About Fertility

Clomid Challenge Test and IVF Treatment

Clomid Challenge Test and IVF Treatment

Ovarian reserve is a term referred by many infertility specialists to describe the size, quality and developmental potential of the eggs remaining in the ovary. As a woman ages ovarian reserve diminishes along with the chance of a chromosomal abnormal egg. Testing ovarian reserve is part of a fertility evaluation and has been assessed using many methods over the years including serum follicle-stimulation hormone (FSH) levels, antral follicle count, ovarian volume, menstrual cycle day 3 serum FSH and estradiol levels, and the clomiphene citrate challenge test. Here we will review the clomid challenge test and IVF treatment and why it may or may not be part of your infertility evaluation.

Clomid Challenge Test and IVF Treatment

Many patients 40 years of age and older will be asked to perform a clomiphene citrate challenge test (CCCT) as part of their evaluation. The original design of the test was to predict ovarian reserve and prognosis for future pregnancy. Most insurance companies now require an annual “passing” score on the CCCT to permit coverage for treatment cycles.

What is the Clomid Challenge Test?

The CCCT involves a cycle day 3 blood test measuring follicle stimulating hormone (FSH) and estrogen followed by two clomiphene pills per day (cycle days 5-9) and finally a repeat measurement of FSH on cycle day 10. A high FSH may indicate decreased ovarian reserve or fewer remaining quality eggs. Women 40-41 typically require an FSH < 15 on either cycle day 3 or 10 to pass the CCCT. Women 42 and older, dependent on their specific insurance provider, require an FSH < 12-15.

Is the Clomid Challenge Infertility Test Always Accurate? 
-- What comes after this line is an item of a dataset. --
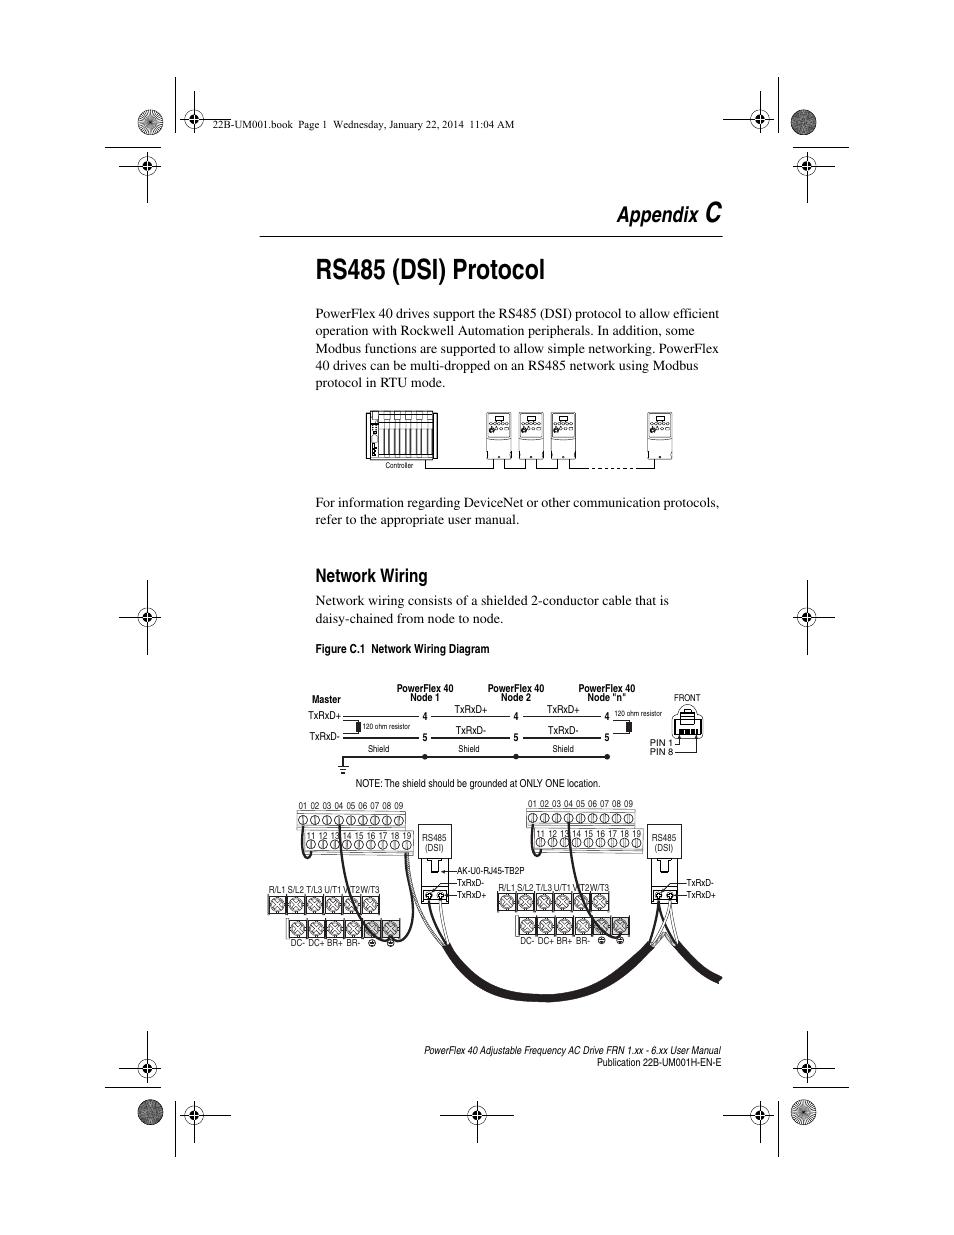 powerflex 70 wiring diagram series a powerflex 753 wiring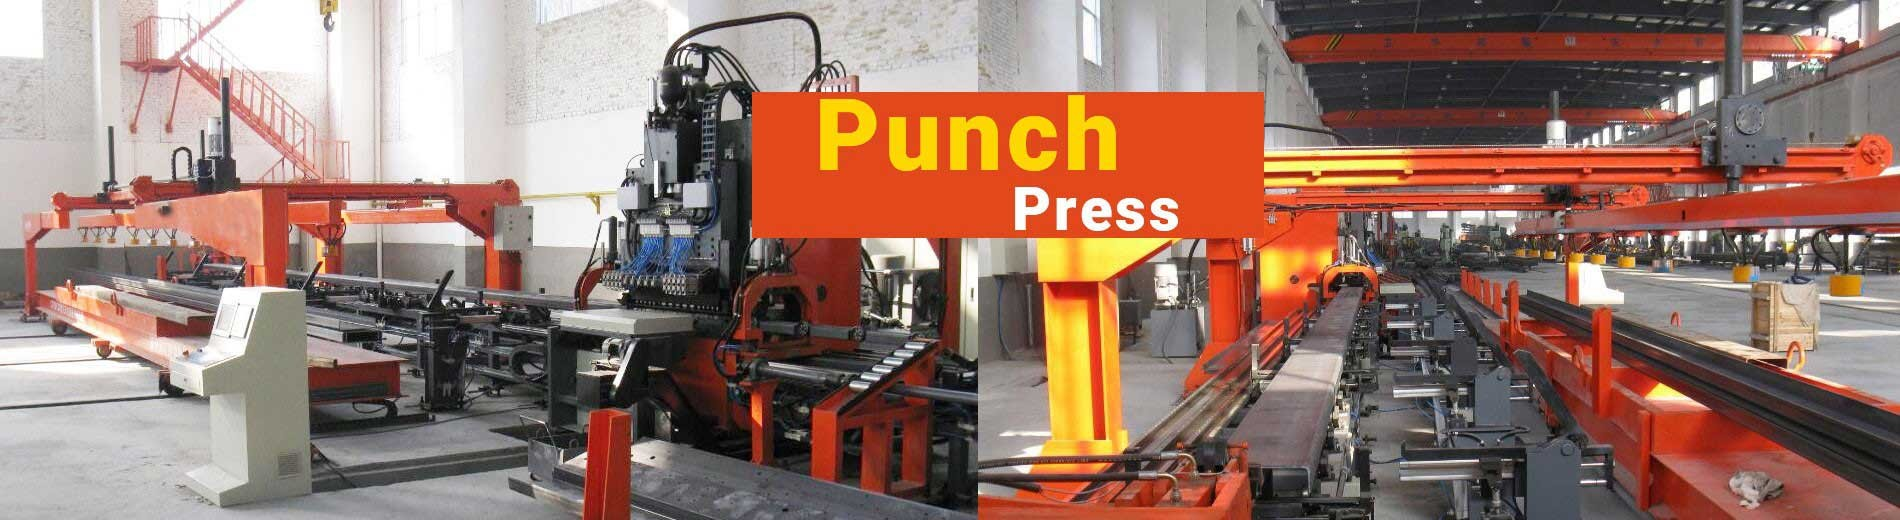 Hydraulic Punching Machine Price, Hydraulic Punching Machine, Hydraulic Press Punching Machine

Despite its requirement by many insurance companies, the CCCT is not absolutely predictive of ovarian reserve. It is a piece of the puzzle but not the only piece. A systematic review of 12 different CCCT medical studies report the sensitivity and specificity of the CCCT in predicting poor response varied significantly from 35% to 93% and 47% to 98%, respectively. If a test was absolutely predictive, it would have a sensitivity and specificity of 100%. An FSH value may also vary month to month in the same patient.

Understanding the Clomid Challenge Test and Your Fertility

In the patient with unexplained infertility, it can be diagnostically useful to assess by ultrasound the growth of ovarian follicles and endometrium at a time near ovulation. If that same patient is also taking clomiphene during the same evaluation, it may be difficult to assess whether the findings are indicative of a patient’s typical natural cycle or whether the findings are attributed to a side-effect of clomiphene.

As an example, clomiphene may thin the endometrium in some patients due to its anti-estrogenic effects. Is a thin endometrium due to prior scarring or is this a side-effect of the clomiphene in that cycle? Patients are made aware of its utility and well as its limitations.

Can You Get Pregnant With a Diminished Ovarian Reserve?

An abnormal test result may suggest decreased probability of success, but does not absolutely predict failure. Ovarian reserve testing does provide important information, but age and previous fertility or response to gonadotropin therapy (FSH, LH, hMG stimulation) have greater relevance and predictive value. Women with mildly abnormal results may have a lower fertility potential but they are not sterile. Therefore like all test results they should be interpreted, explained, and applied with caution, sensitivity and compassion.